*ASSIGNMENT*:
Excluding any images, copy all of the lines below precisely as written.

*DATASET SECTION*:
• • •

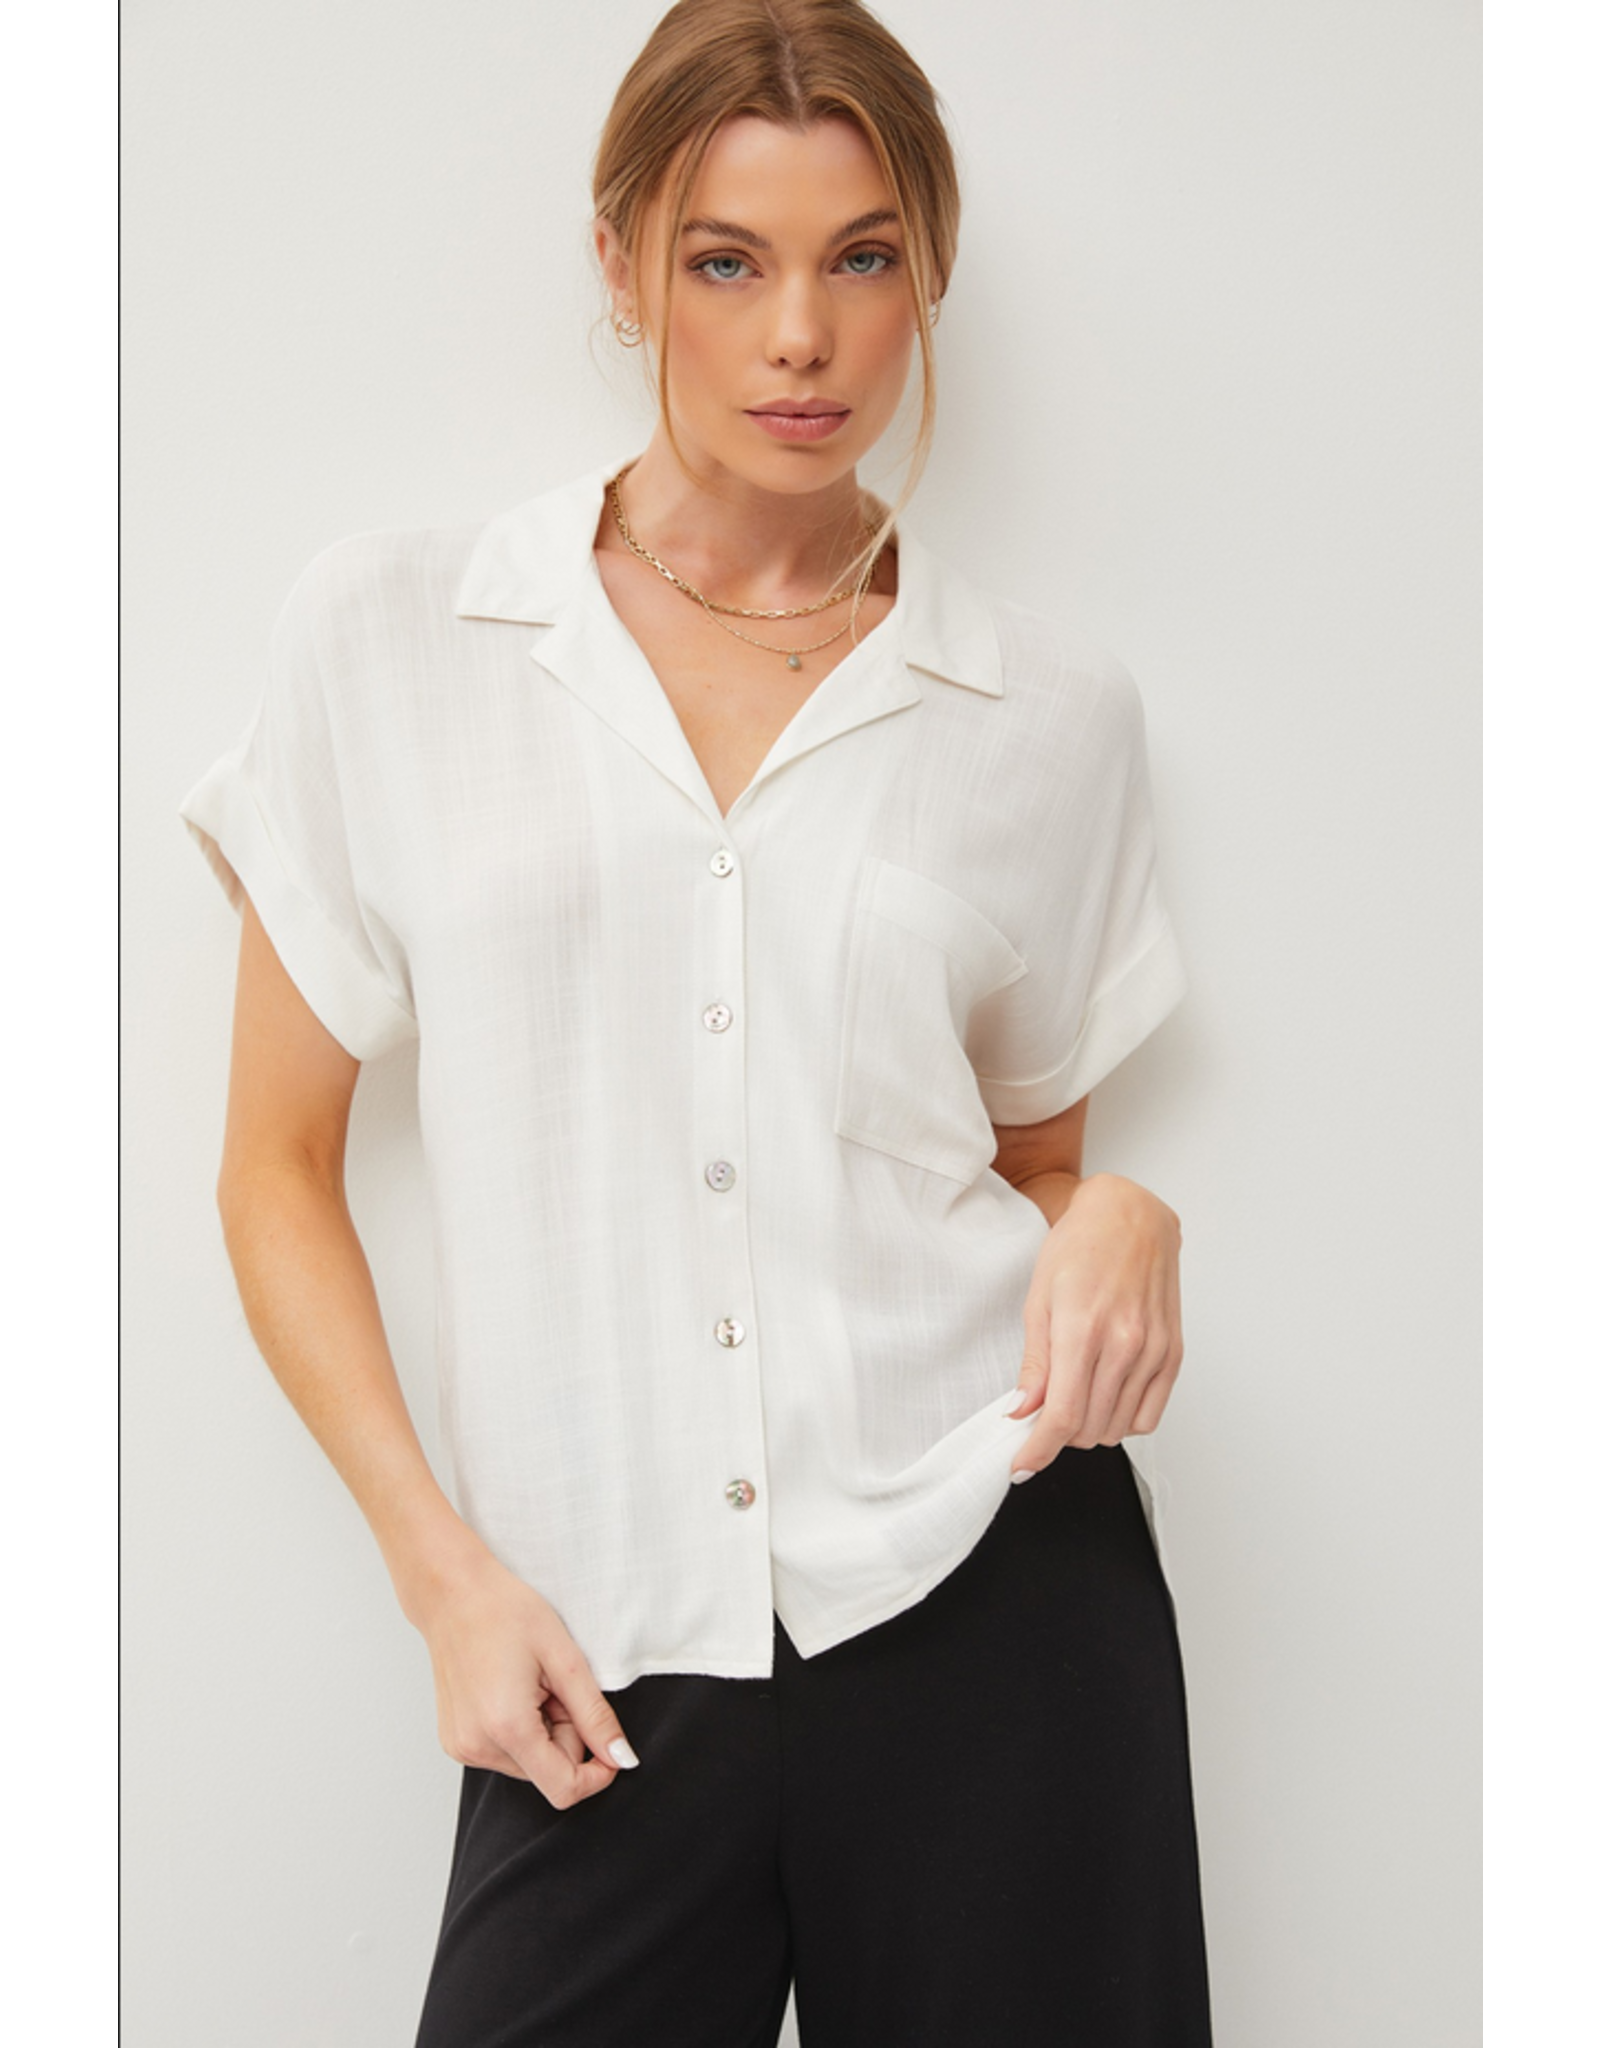 Be Cool Short Sleeve Button Down Top
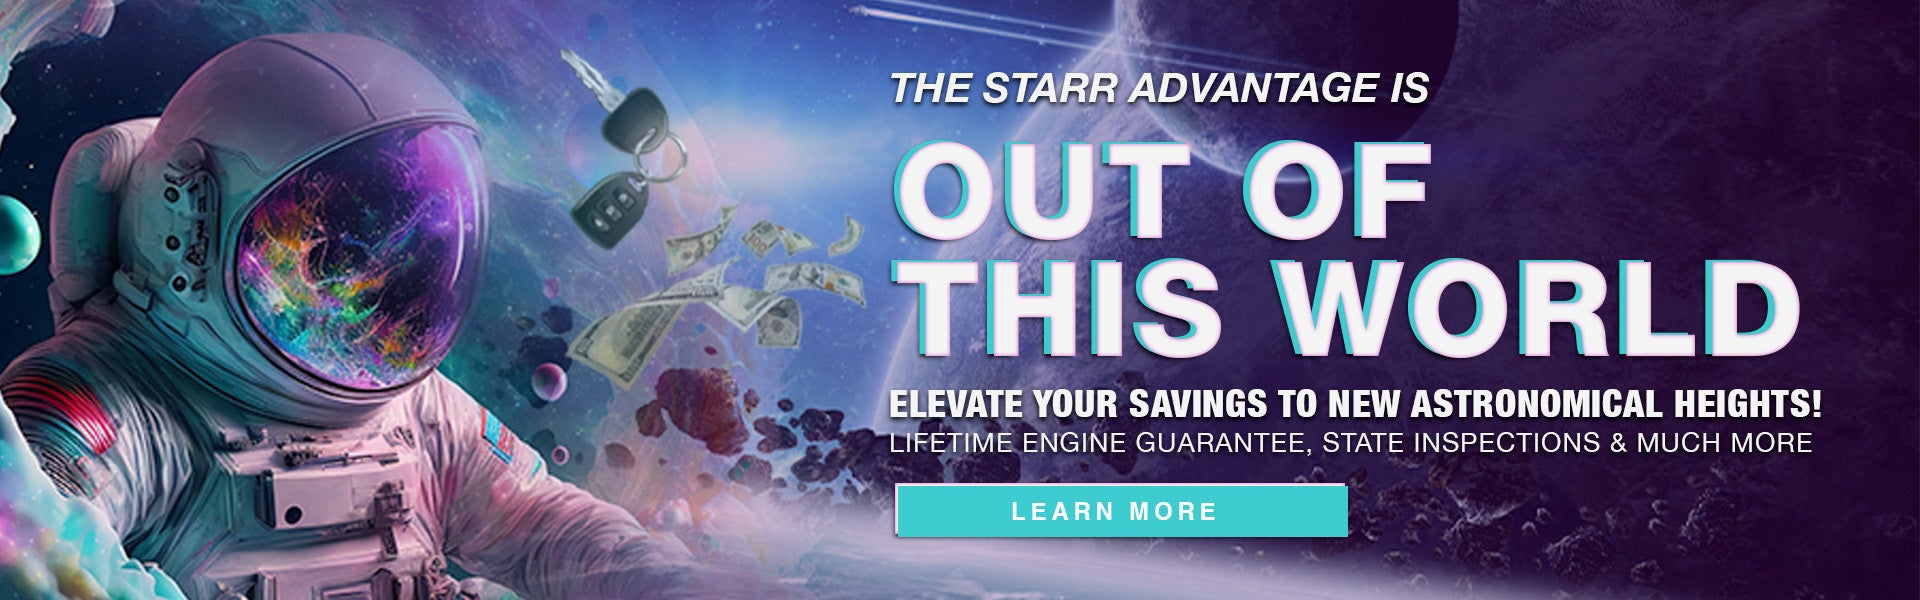 Learn More About The Starr Advantage
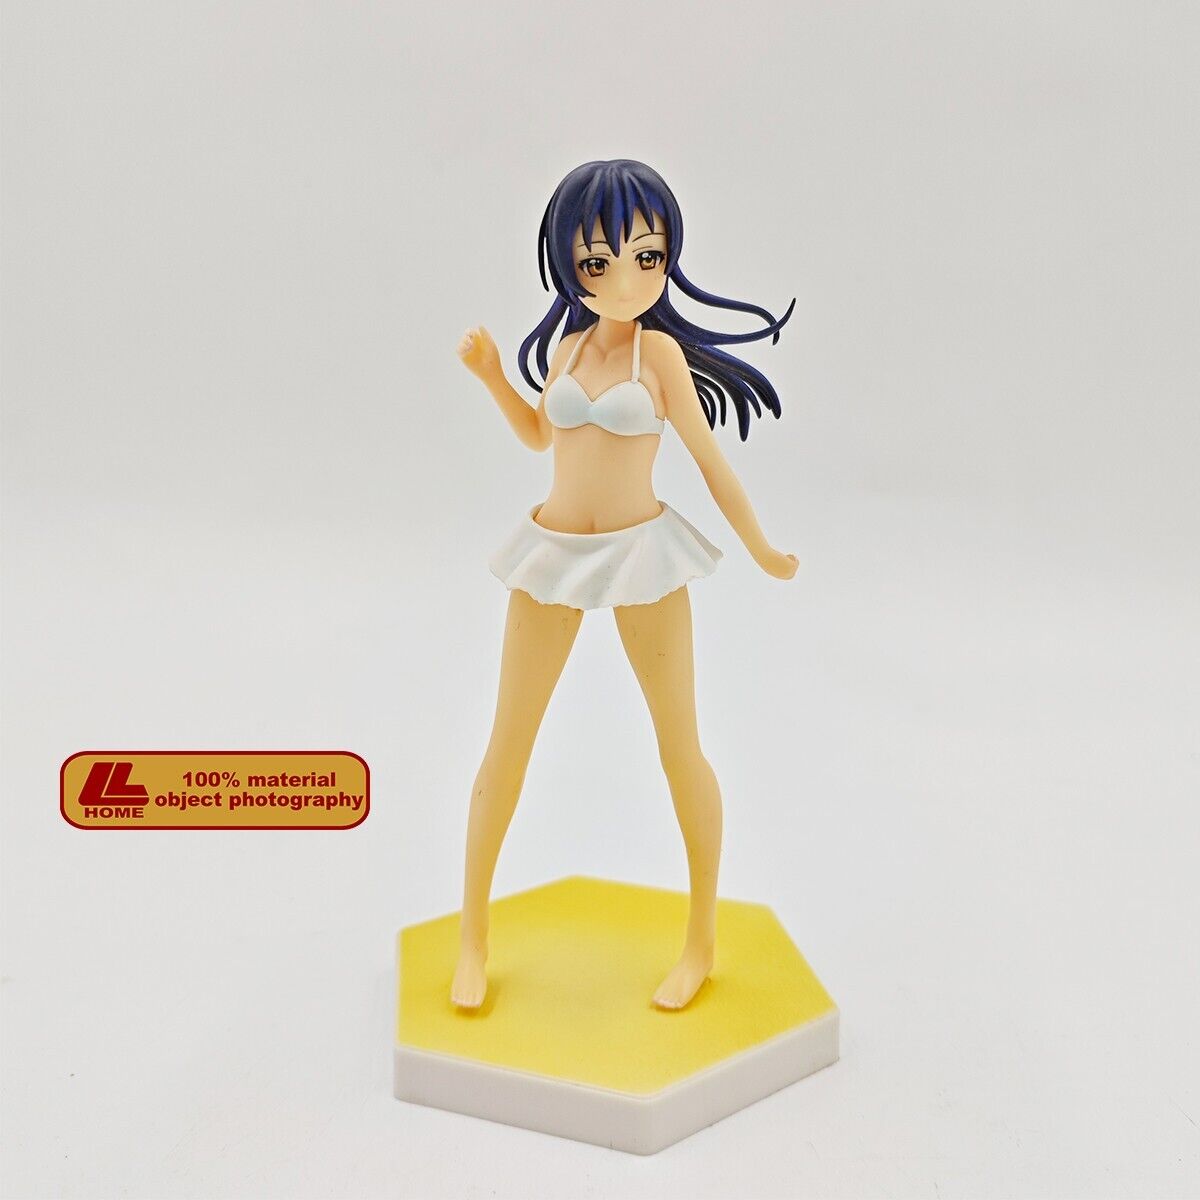 Anime LL Sonoda white swimsuit hot Cute girl Figure statue Toy Gift
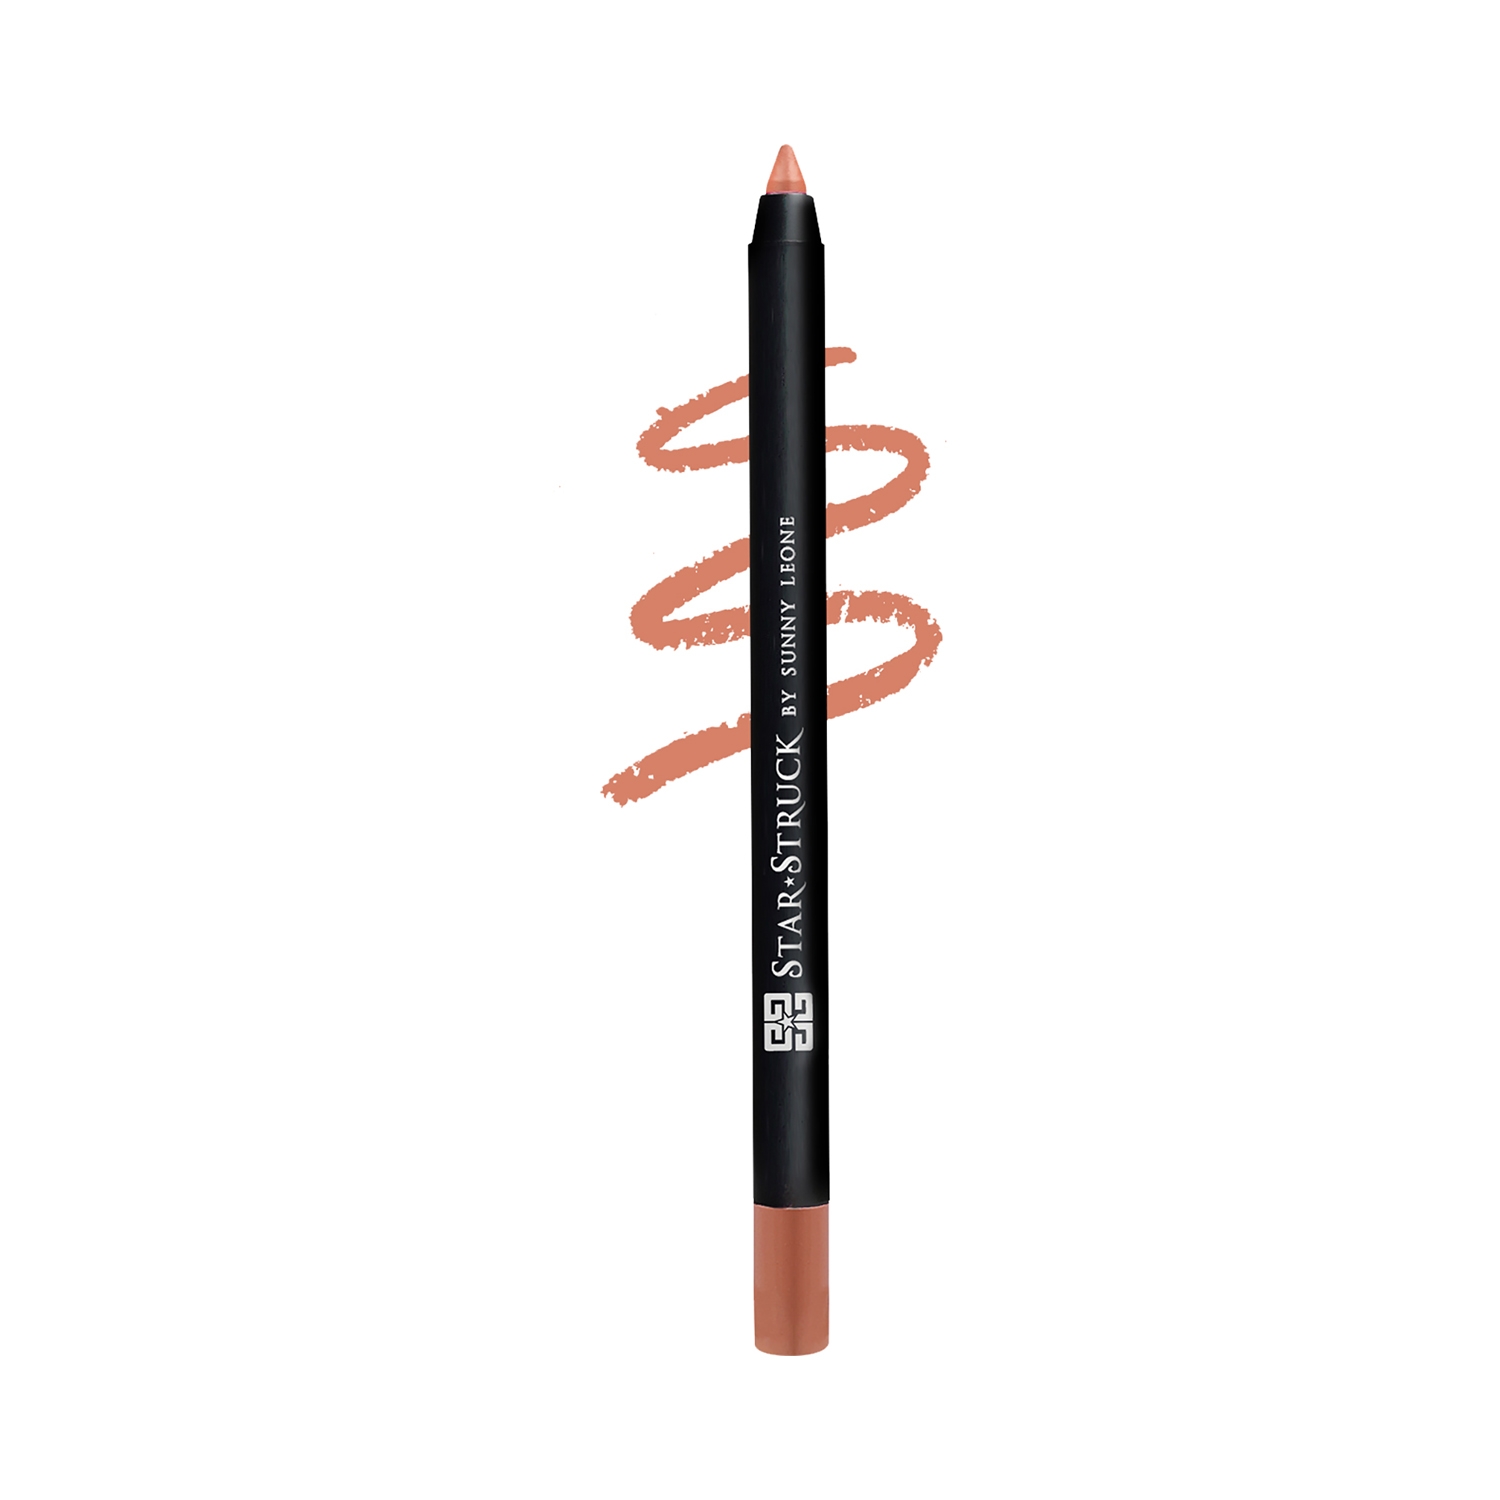 Star Struck by Sunny Leone | Star Struck by Sunny Leone Long Wear Lip Liner - Toffee (1.2g)

• • •

*RESPONSE*:
 Be Cool Short Sleeve Button Down Top
 Learn More About The Starr Advantage
 Anime LL Sonoda white swimsuit hot Cute girl Figure statue Toy Gift
 Star Struck by Sunny Leone | Star Struck by Sunny Leone Long Wear Lip Liner - Toffee (1.2g)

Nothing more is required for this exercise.